ひまわり (2000年)
少年映画評価 |
5点 |
作品総合評価 |
7点 |
少年の出番 |
15%(主人公の少年時代) |
お薦めポイント |
回想中の小学生時代の主人公 |
映画情報など |
2000年公開/DVD発売済 |
■行定勲監督のデビュー作品
今や超売れっ子監督の行定勲氏の劇場デビュー作品。実際には本作品の前にも何本か監督作品があるようですが、劇場公開されたのはこの作品が初めてらしいです。
■ストーリー
主人公の青年は恋人と同棲中という自堕落な生活をおくっている。ある日、小学校の同級生だった女性(麻生久美子さん)が海で行方不明になり、そのまま遺体のない状態で葬儀が行われる事になり、帰省する。その葬儀の席に集まった人間たちが、生前の麻生久美子のエピソードを語り合いながら一夜を過していく。
主人公は小学生時代(佐々木和徳君)、彼女に関心(淡い恋心)を持っていたが、それを口にする事が出来ず、それどころか靴を隠したり意地悪をしてしまう。彼女が行方不明になる直前に電話を貰った事もあり、自分の事を想っていたんだ、と確信する。
■佐々木和徳君
主人公の小学生時代を演じるのが、佐々木和徳君です。回想の中でしか登場しませんので、セリフも全くありませんが、非常に存在感はあります。
同時期に公開された映画「NAGISA」とほぼ同じような制服スタイルで登場しています。もしかして同じ衣装を使い回ししているのかもしれません。本作品より少し前の映画「しあわせ家族計画」に出ていた頃は、まだ可愛い子役でしたが、この作品ではシャープな感じの少年になっています。
子役を卒業しても俳優は続けられおり、青春モノ映画でバイプレイヤーとして活躍されているようです。岩松孝二監督の映画「17歳の風景」で、ほんの少しだけ出演されていたのを見ましたが、かなり印象が変っていました(地味になっていました)。長澤雅彦監督の映画「青空のゆくえ」にも出演されていたようですが、これは観ていません。
子役から青年になってしまうと、なかなか活躍できないケースが多いように聞いています。
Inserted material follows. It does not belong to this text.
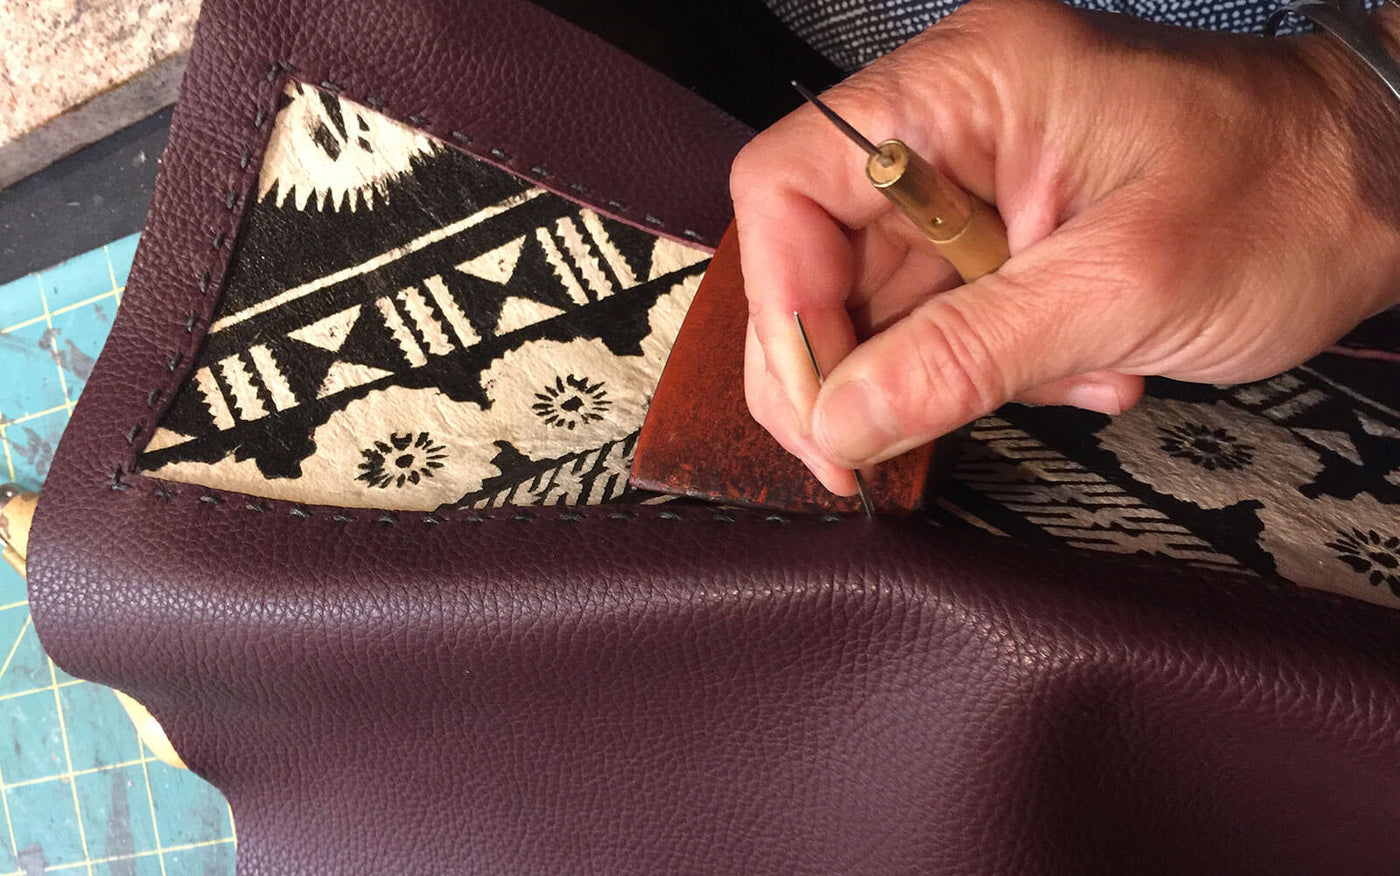 Hand stitching Fijian tapa cloth to leather.  Tote made by Bottega Flaviani handmade leather handbags and accessories brand in San Francisco

地味な役や、端役でも我慢して地道に演じていれば、きっといい役にもめぐり合えると思いますので、頑張って欲しいものです。
■自分だけは
少年映画として特筆すべき点は少ないのですが、脚本や作品に、さすがだなあと、才能を感じるのは、出てくる男性の心情を、非常にうまく描いている点です。
死んだ麻生久美子と接点を持っていた男性が何人も登場しますが、みんな彼女に気のないようなフリをしながらも「自分こそ彼女にとって重要な人間だった」という事を主張しているような展開が面白いのです。
主人公の青年もその一人なんですが、彼だけは思い込みでなく、本命の彼氏だったのでしょうか?それともやはり自尊心だけ高い男の一人に過ぎなかったのでしょうか。
男はみんな(たとえ不細工でも)自分だけは特別の存在であるという願望を持っている事を、外からみると愚かしいようで、反省させられる映画でした。もちろんこれは男だけでなく女性もそうなんでしょう。いや女性の方がこういう願望がずっと強いのかもしれません。